The photo below was taken in our field of radishes and turnips on Wednesday, two full days after our last rain shower. As you can see, the wheel tracks where the tractor has driven still contain streams of water draining down from the mountain to the east of the fields. The small seedlings attempting to grow there are turning yellow and their growth has slowed remarkably. I knew it had something to do with all the wet soil, but the specific biochemical reasons I couldn't explain. So I did some research.

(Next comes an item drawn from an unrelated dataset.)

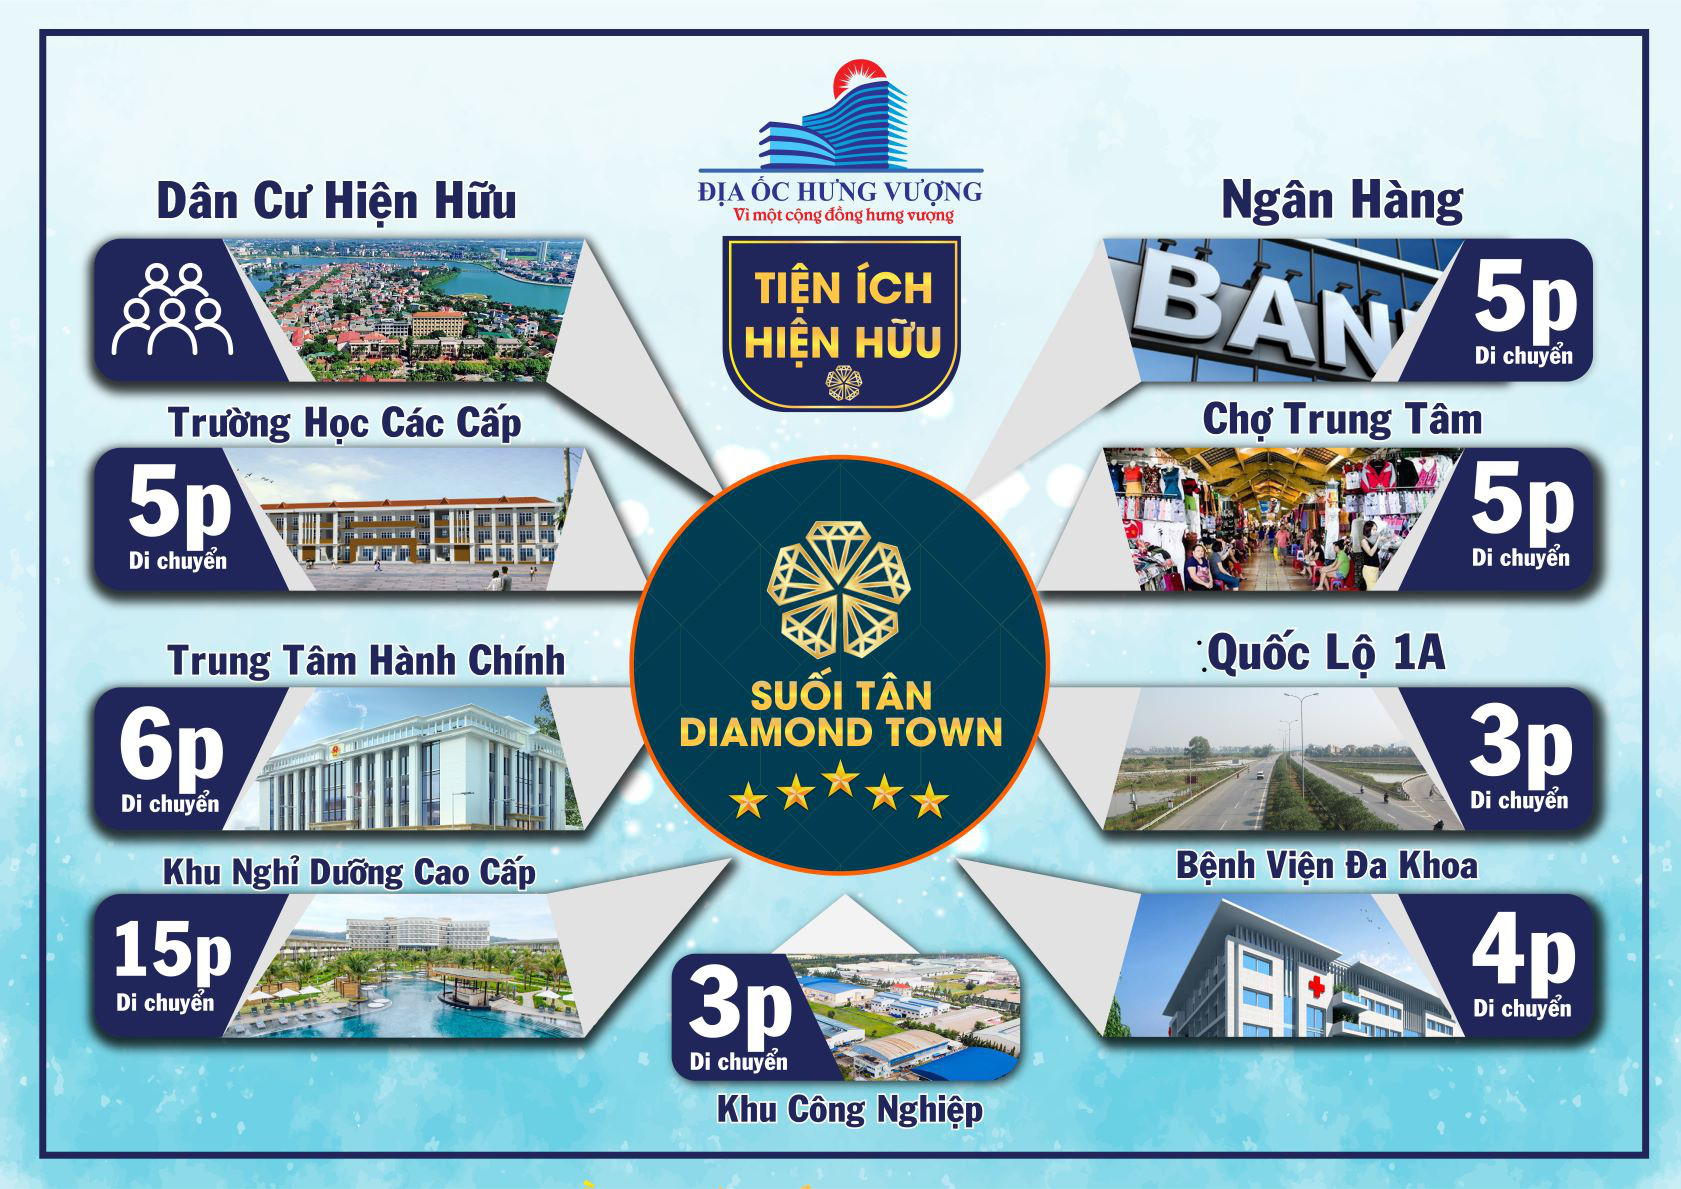 Bất động sản công nghiệp tại Suối Tân Diamond Town thu hút đầu tư - Ảnh 1.

As explained by Vegetable Growers News, "In flooded soils, the oxygen concentration drops to near zero within 24 hours because water replaces most of the air in the soil pore space. Oxygen diffuses much more slowly in water filled pores than in open pores. Roots need oxygen to respire and have normal cell activity. When any remaining oxygen is used up by the roots in flooded or waterlogged soils, they will cease to function normally. Therefore, mineral nutrient uptake and water uptake are reduced or stopped in flooded conditions (plants will often wilt in flooded conditions because roots have shut down). There is also a buildup of ethylene in flooded soils, the plant hormone that in excess amounts can cause leaf drop and premature senescence."
After another ten days of frequent showers and infrequent sun, I noticed this wilting phenomenon on our kale as soon as the sun came out and temperatures warmed up on Tuesday. Our eggplants are exhibiting the signs of premature senescence with leaves turning yellow and dropping to the ground. Of course a plant can't produce abundant tasty fruits without its leaves!
"Climate scientists predict that extreme weather events will become more common in the mid-atlantic over the next several decades. This will present additional challenges for vegetable growers related to flooding, wet weather diseases, nutrient losses, ability to do timely harvests, field compaction, and resulting crop losses."
Last week while driving the farm truck between fields I caught on the radio an episode of Science Friday with an agriculture scientist and microbiologist discussing the "imperative of the soil." We are all taught in school the importance of protecting the environment to maintain clean air and water. The importance of soil, and the dire consequences of soil loss across the planet, are less recognized. As climate change alters rainfall patterns and exacerbates extreme weather events, soil loss due to erosion will increase and the productive quality of soils will be reduced by the physical and chemical affects of too much moisture. Additionally, increasing temperatures are changing the soil micro-biology and carbon-holding capacity of soils. Now, more than ever, it is imperative that we develop and implement agriculture practices that balance crop production with soil protection. Doing so profitably has always been a challenge and will only become more difficult as climate change takes its toll. Its certainly going to require adaptation at the farm level, and also among consumers of fresh food. We can't do it without you!